Virginia Woolf was a key figure and a representative of literary modernism.
Modernism has its origins in late 19th century but the first major works appeared in
early 20th century. Modernism is characterized by a self-conscious break with
traditional ways of writing, quite pessimistic philosophy of Nietzsche and so-called
philosophy of life, experiments with literary forms and expressions, Bergson’s
intuitivism, interest in mythology, etc.
Virginia is considered to be a pioneer in the use of stream of consciousness as a
narrative device, that attempts "to depict the multitudinous thoughts and feelings
which pass through the mind" of a narrator. She also became one of the central
subjects of the 1970s movement of feminist criticism. Her style is highly
experimental: with indirect interior monologue, aesthetic conventions, a narrative,
frequently uneventful, intense lyricism and stylistic virtuosity, symbolism and
allusions. The main genre that prevails among Woolf’s works is novel, in particular
psychological novel.
Woolf’s most famous works are: novels “Mrs Dalloway”, “To the Lighthouse”,
“Orlando”, the first novel “The Voyage Out”, the last novel “Between the Acts”;
essays “A Room of One's Own”, “The Moment” and other. Her famous critical essay
“Modern fiction” had a tremendous impact on the modern fiction writers and became
a manifesto to modernism, and her essay “Mr. Bennett and Mrs. Brown” also
concerning modernism and modern views.
“Mrs Dalloway” – a psychological novel, centers on the efforts of Clarissa
Dalloway, a middle-aged society woman, to organize a party, even as her life is
paralleled with that of Septimus Warren Smith, a working-class veteran who has
returned from the First World War bearing deep psychological scars. All of the
action, aside from the flashbacks, takes place on one day. It is an example of stream
of consciousness storytelling, freely alternating her mode of narration between
omniscient description, indirect interior monologue, and soliloquy. Wide use of
symbolism and allusion.
“To the Lighthouse” – is defined as a novel – portrayal of psychological
realism. The plot centers on the Ramsay family's anticipation of and reflection upon a
visit to a lighthouse and the connected familial tensions. Cited as a key example of
the literary technique of multiple focalization, the novel includes little dialogue and
almost no action; most of it is written as thoughts and observations.

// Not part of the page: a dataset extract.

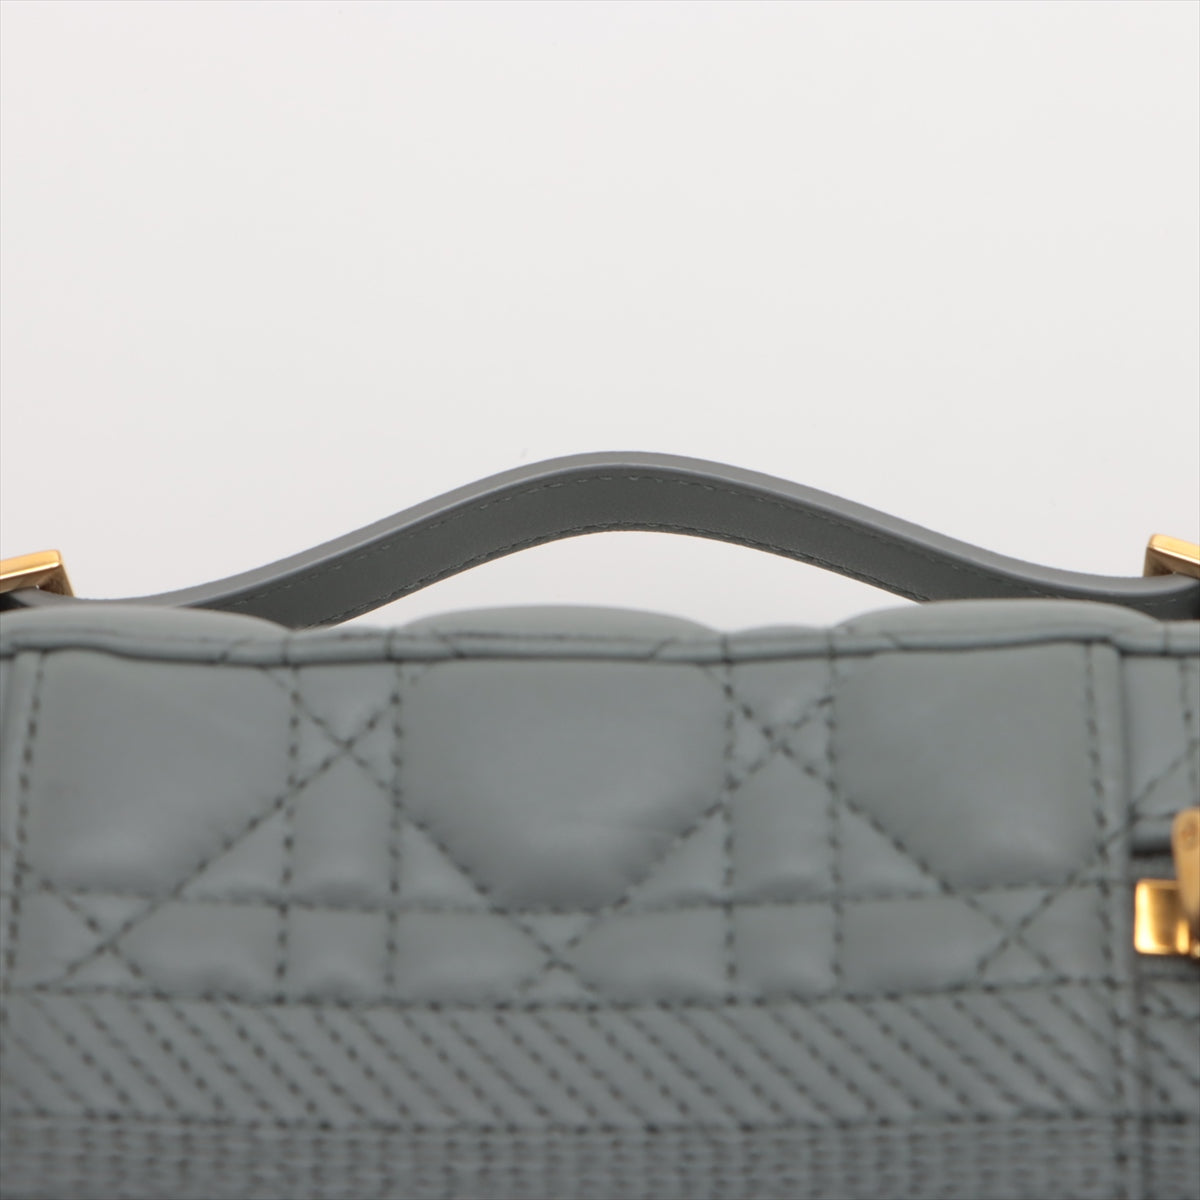 Christian Dior Lady Leather 2WAY Vanity Bag Gr Earl

“Orlando” – can be defined as an autobiographical novel, a gender novel, a
novel with elements of game, and even representation of metaliterature. “Orlando”
was inspired by the story of Woolf’s close friend, co-member of Bloomsbury group
and another English writer Vita Sackville-West. The plot of “Orlando” revolves
around the eponymous “immortal” poet who changes his sex from man to woman and
lives for more than 300 years, representing his life in four different periods of the
British History. Woolf employs Bergson’s intuitionism, the concept of volatility and
fluidity of events, principals of refined aestheticism, etc.